We can take the derivative of each term separately.  First for z

 $$\frac{\partial}{\partial x}z(x) = \frac{a b c dk^2}{(a d + k(bk+d) x)^2}$$

 The derivative of $x$ is just $1$, so the equation we have to solve is

 $$\frac{\partial}{\partial x}f(x,z(x)) = \frac{a b c dk^2}{(a d + k(bk+d) x)^2} - 1 =0$$

 Solving for $x$ we get

$$x_{ideal} = x = \frac{\sqrt{a b c k^4 d (b k + d)^2} - a k d (b k + d)}{(k^2 (b k + d)^2)}$$

and

$$x_{ideal} = -\frac{\sqrt{a b c k^4 d (b k + d)^2} + a k d (b k + d)}{(k^2 (b k + d)^2)}$$

The second of the two solutions is negative since our constants $a,b,c,d,k$ are always positive, so we can disregard it.  If we simplify the expression we end up with

$$x_{ideal} = \frac{k \sqrt{a b c d} - a d}{(k (b k + d))}$$

Using this new function for x, we can calculate the ideal input in the following code cell.

In [33]:
x_ideal = (k*sqrt(a* b *c* d) - a * d)/(k *(b *k + d))
x_ideal

np.float64(7.921088415958059)

In [34]:
# subtract x from z to get potential profit
z = c - (c*d)/(d+k*(b-(a*b)/(a+k*x_ideal)))
profit = z - x_ideal
profit

np.float64(0.015954661894590494)

This result is consistent with the spreadsheet model and represents the profit-maximizing trade size. The closed-form solution can now be applied directly to any pair of Uniswap V2-style pools without numerical optimization.

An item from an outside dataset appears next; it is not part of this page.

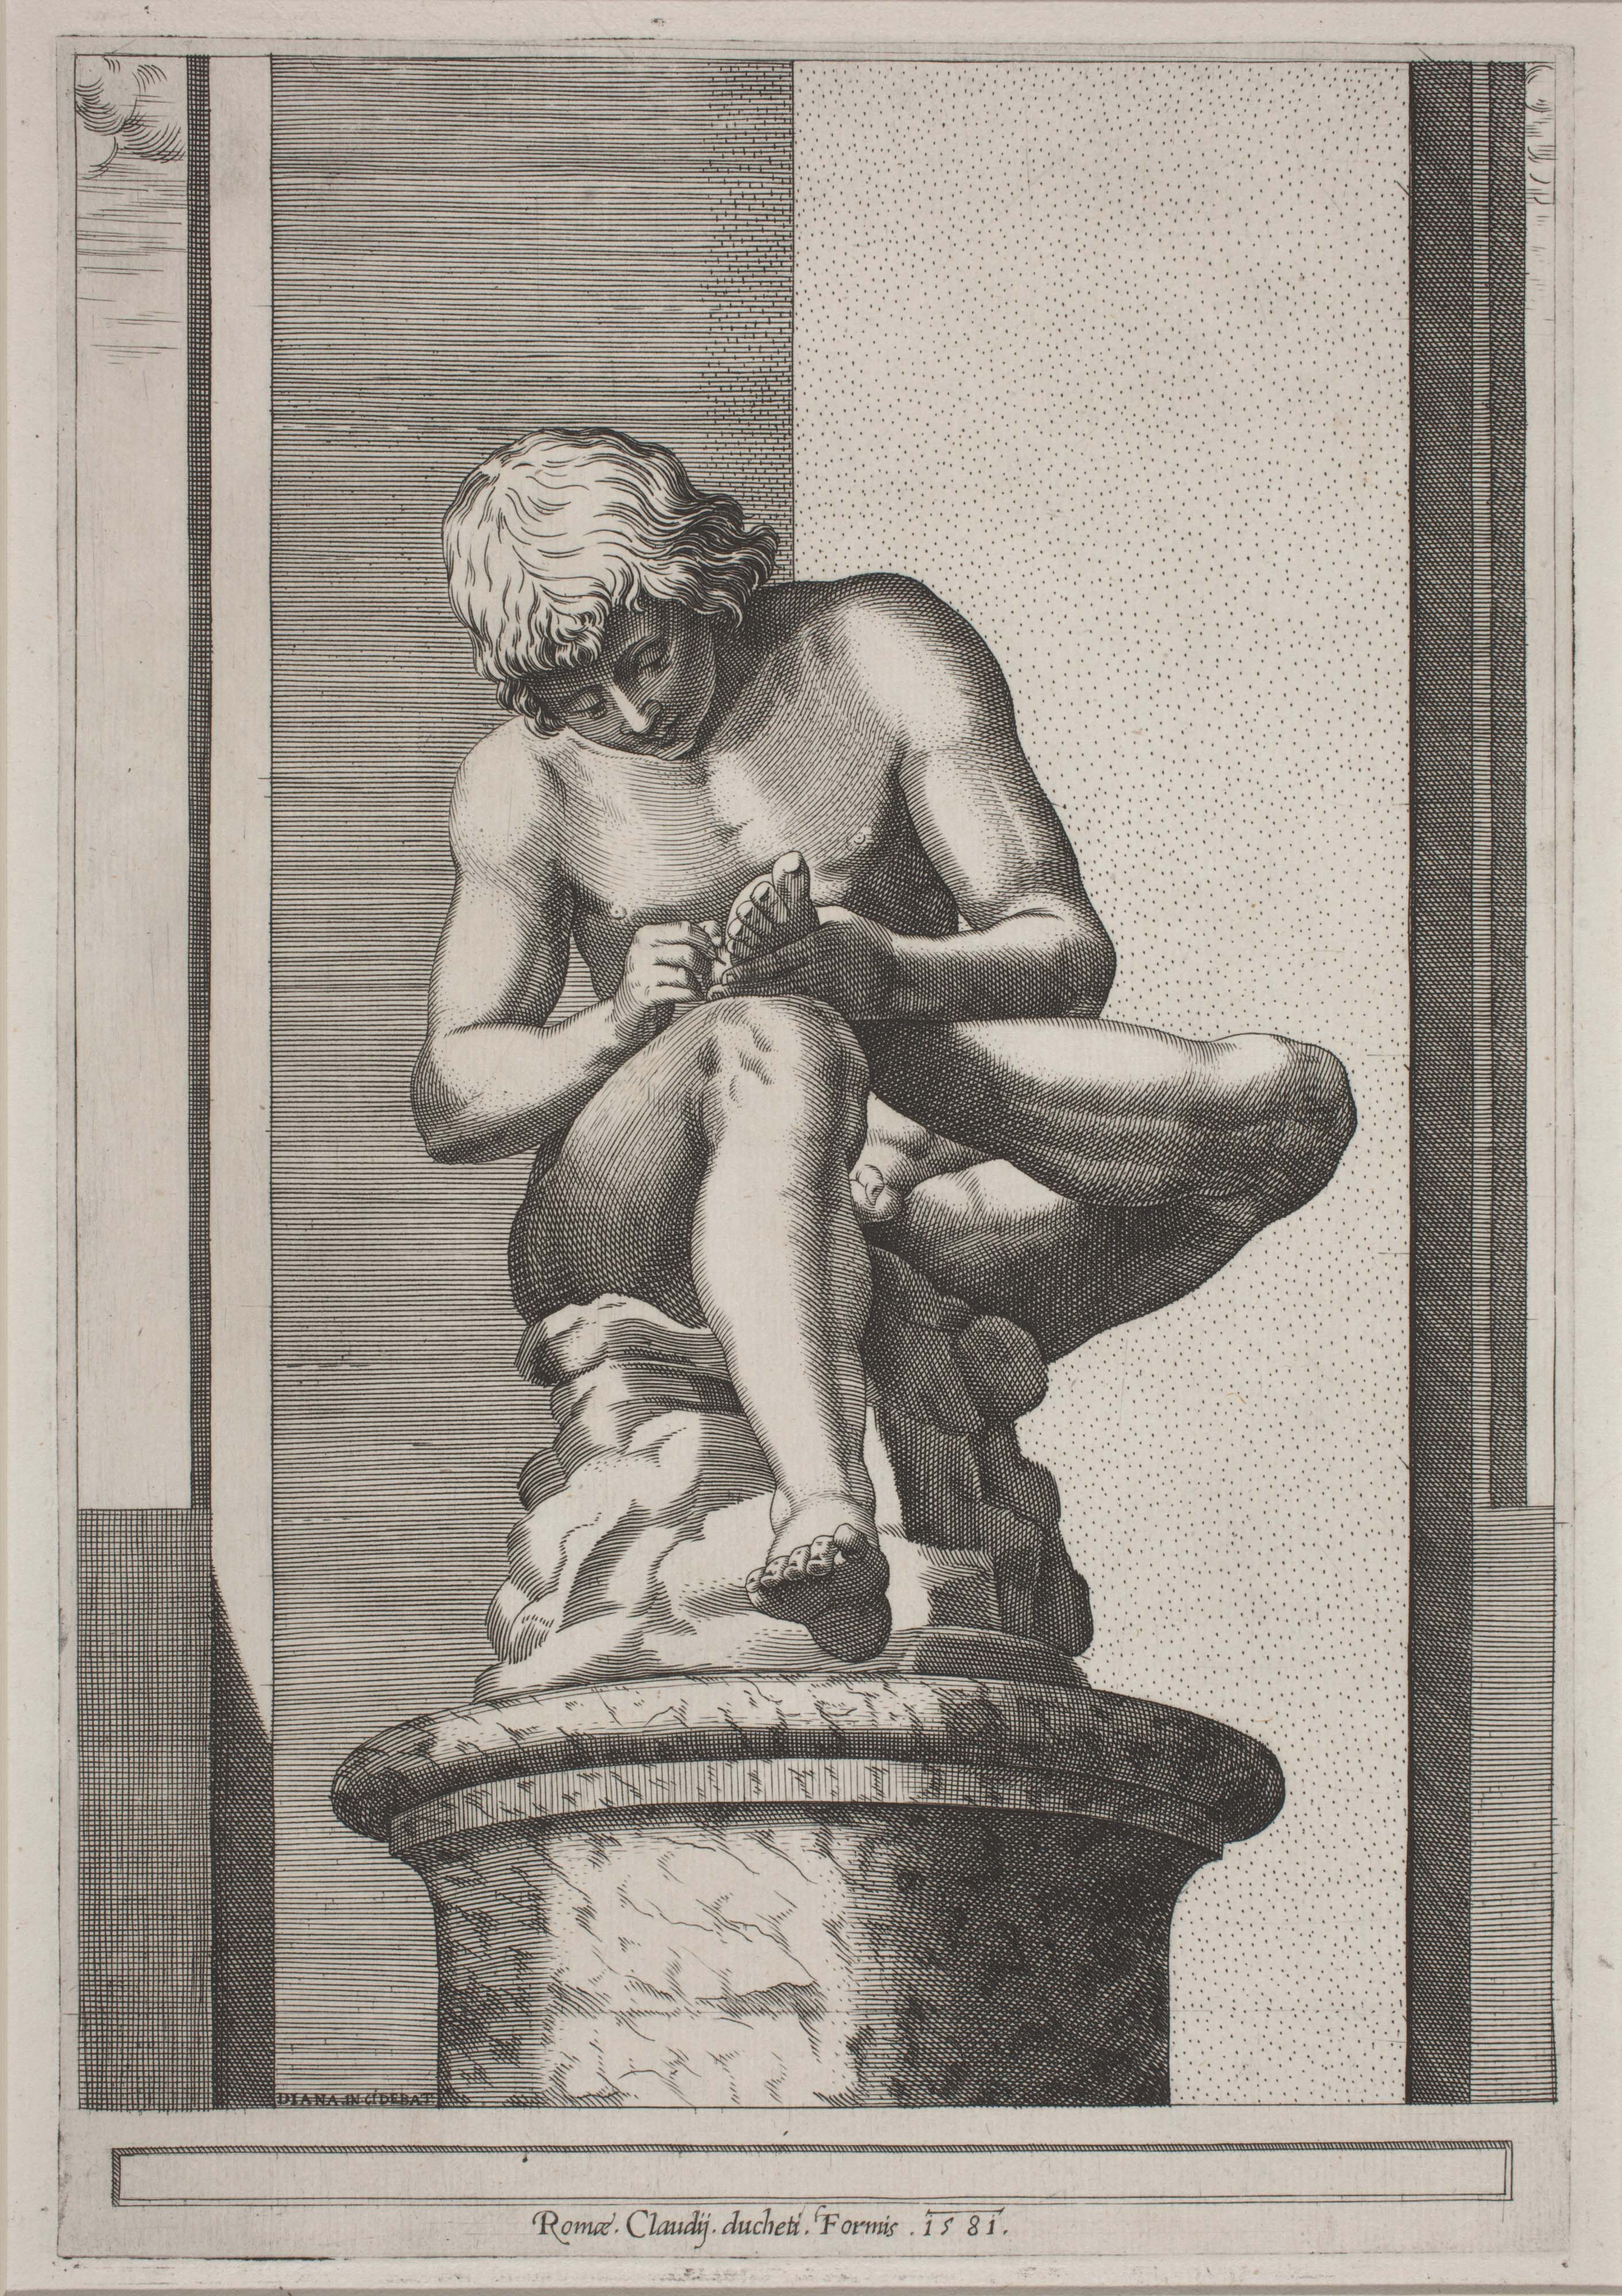 Diana Scultori (Italian, ca. 1535–probably 1588) Claudio Duchetti (French, active in Italy, d. 1585), "The Spinario, State I," 1581, Engraving on laid paper. National Gallery of Art, Washington, D.C., Ailsa Mellon Bruce Fund, 2009.100.1

## Comparison: Binary Search vs. Closed-Form Solution

The standard approach to finding the optimal arbitrage input is binary search where the algorithm will iteratively narrow the bounds on the input amount until the profit derivative crosses zero. Below I implement this and compare it against the closed-form solution derived above.

In [37]:
def arb_profit(x, a, b, c, d, k):
    """Calculate arbitrage profit for a given input amount x."""
    y = b - (a * b) / (a + k * x)
    z = c - (c * d) / (d + k * y)
    return z - x

def binary_search_optimal(a, b, c, d, k, precision=1e-12, max_iter=1000):
    """Find optimal input via binary search on the profit derivative."""
    left, right = 0.0, min(a, c)
    iterations = 0
    for _ in range(max_iter):
        mid = (left + right) / 2
        eps = max(abs(mid) * 1e-5, 1e-10)
        dp = (arb_profit(mid + eps, a, b, c, d, k) - arb_profit(mid - eps, a, b, c, d, k)) / (2 * eps)
        if (right - left) < precision:
            break
        if dp > 0:
            left = mid
        else:
            right = mid
        iterations += 1
    return mid, iterations

In [38]:
# Binary search
start = time.time()
x_bs, iters = binary_search_optimal(a, b, c, d, k)
t_bs = time.time() - start
profit_bs = arb_profit(x_bs, a, b, c, d, k)

# Closed-form (re-run for fair timing)
start = time.time()
x_cf = (k*sqrt(a* b *c* d) - a * d)/(k *(b *k + d))
t_cf = time.time() - start
profit_cf = arb_profit(x_cf, a, b, c, d, k)

print(f"{'Method':<20} {'Optimal x':>12} {'Profit':>12} {'Time (μs)':>12} {'Iterations':>12}")
print("-" * 70)
print(f"{'Binary Search':<20} {x_bs:>12.6f} {profit_bs:>12.6f} {t_bs*1e6:>12.1f} {iters:>12}")
print(f"{'Closed-Form':<20} {x_cf:>12.6f} {profit_cf:>12.6f} {t_cf*1e6:>12.1f} {'0':>12}")

Method                  Optimal x       Profit    Time (μs)   Iterations
----------------------------------------------------------------------
Binary Search            7.921090     0.015955        190.3           53
Closed-Form              7.921088     0.015955        145.2            0


Both methods converge to the same optimal input amount and profit. The closed-form solution requires zero iterations and executes in deterministic O(1) time, making it particularly well-suited for gas-sensitive on-chain execution and MEV strategies where computational cost directly impacts profitability.